Melissa Bruenger: All this stuff is racing in my head. Then to say, “Well, no family at the moment.” And I’m like, “How am I going to keep it safe?”
In an effort to try to keep children safe, Wisconsin is trying another approach that is being adopted in other parts of the country.
Seventeen pediatric clinics across southeastern Wisconsin have integrated full-time therapists within their offices. Provide mental health examinations and treatments as part of routine care. Dr. Brilliant Namer was the first pediatrician in Milwaukee to establish a therapist’s office within her office.
Sharine Alphonsi: You’re saying, “We’re here together, we’re all going to work on this together,” not “We can’t help you, go see someone else.”
Dr.. Brilliant Namer: Exactly. Thus, having a therapist in our clinic really has – teaming up to discuss that patient and family together, to bounce ideas off of each other, ‘because we know them so well -‘ is so much better for the patient to take care of.
Dr. Nimr’s clinic treats an underserved community where families often struggle to get mental health help. The therapists here have treated more than 500 children since the epidemic began.

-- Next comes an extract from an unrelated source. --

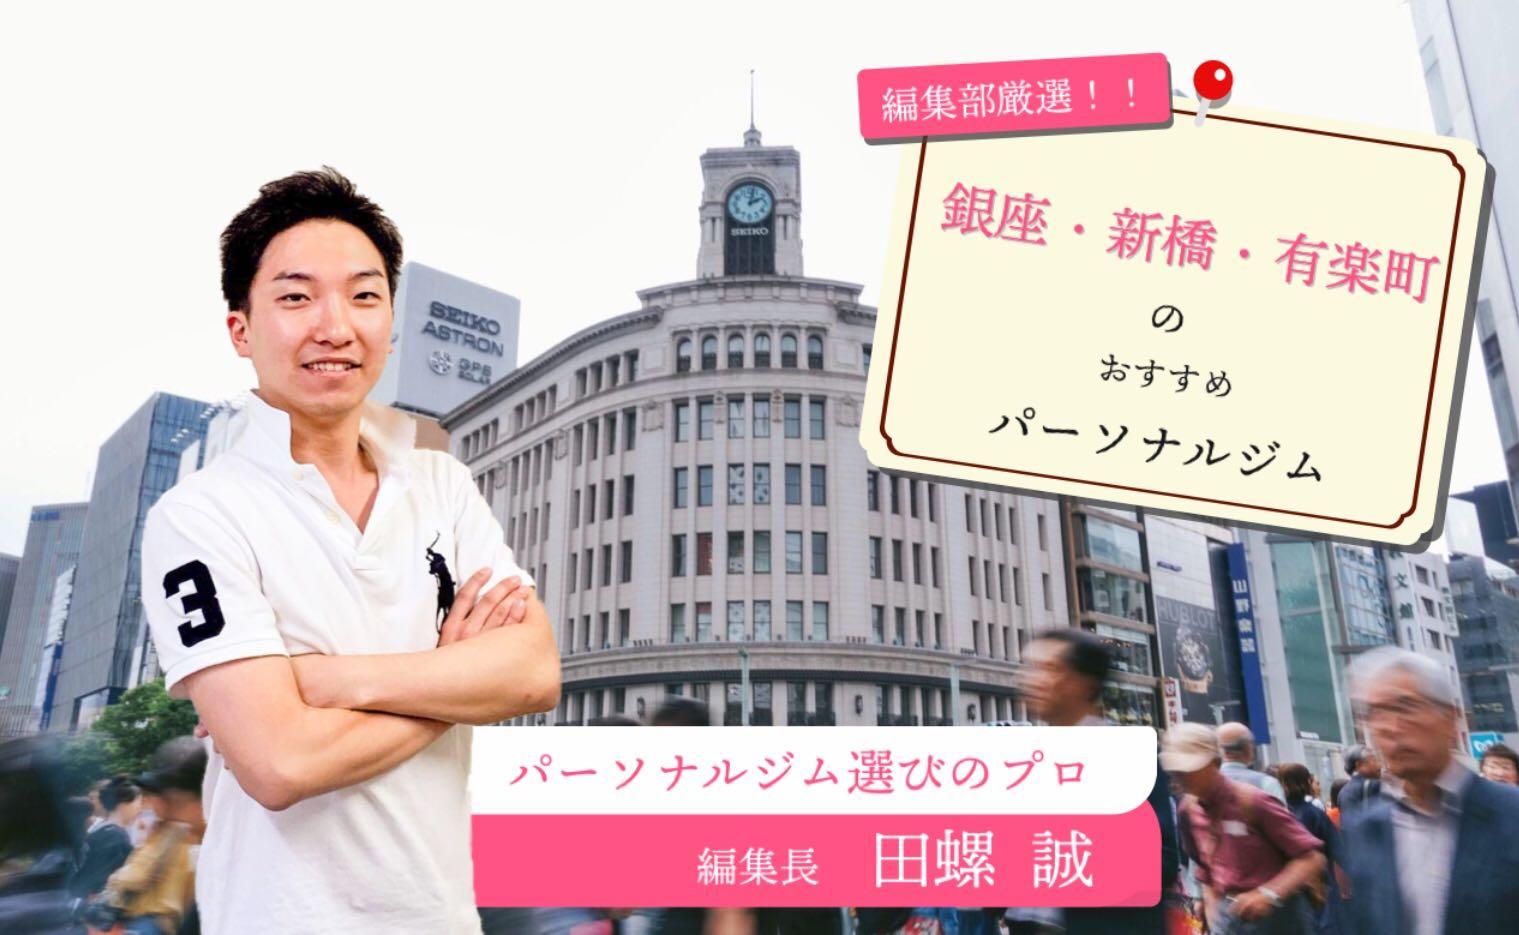 新橋・有楽町のパーソナルトレーニングジムのアイキャッチ

Dr.. Brilliant Niemer: I think we as pediatricians and primary care providers can no longer just say, you know, ‘Mental health providers, you’re the only ones who are going to care about our patients in terms of mental health.’ This is now something we need to do as well.
Pediatrician in Austin Brueninger now has a therapist in her office, too. Their family was fortunate to find regular depressive treatment on an outpatient basis.
Shareen Alphonsi: How do you feel now?
Austin Brueninger: I don’t know. It’s much better than before. Everything happens in my life, knowing that I’m, like, friends with everyone in my class, building a better social life, like. It is interesting to know that there are others who love the same things as me.
Sharyn Alphonsi: Austin, it’s not easy to talk about all of these things. Why did you agree to tell us what you’ve been through–
Austin Brueninger: Because the world needs this, the world needs to know that. Mental health and things like that need to be addressed, otherwise bad things could happen. If you’re doing this on your own, try calling someone you know, like your friend and family.
SHAREN ALPHONSI: And talk about it.
Austin Brueninger: Yes.
Produced by Ashley Willy. Co-producer, Jennifer Dozor. Broadcasting Assistant, Elizabeth Germeno. Edited by April Wilson.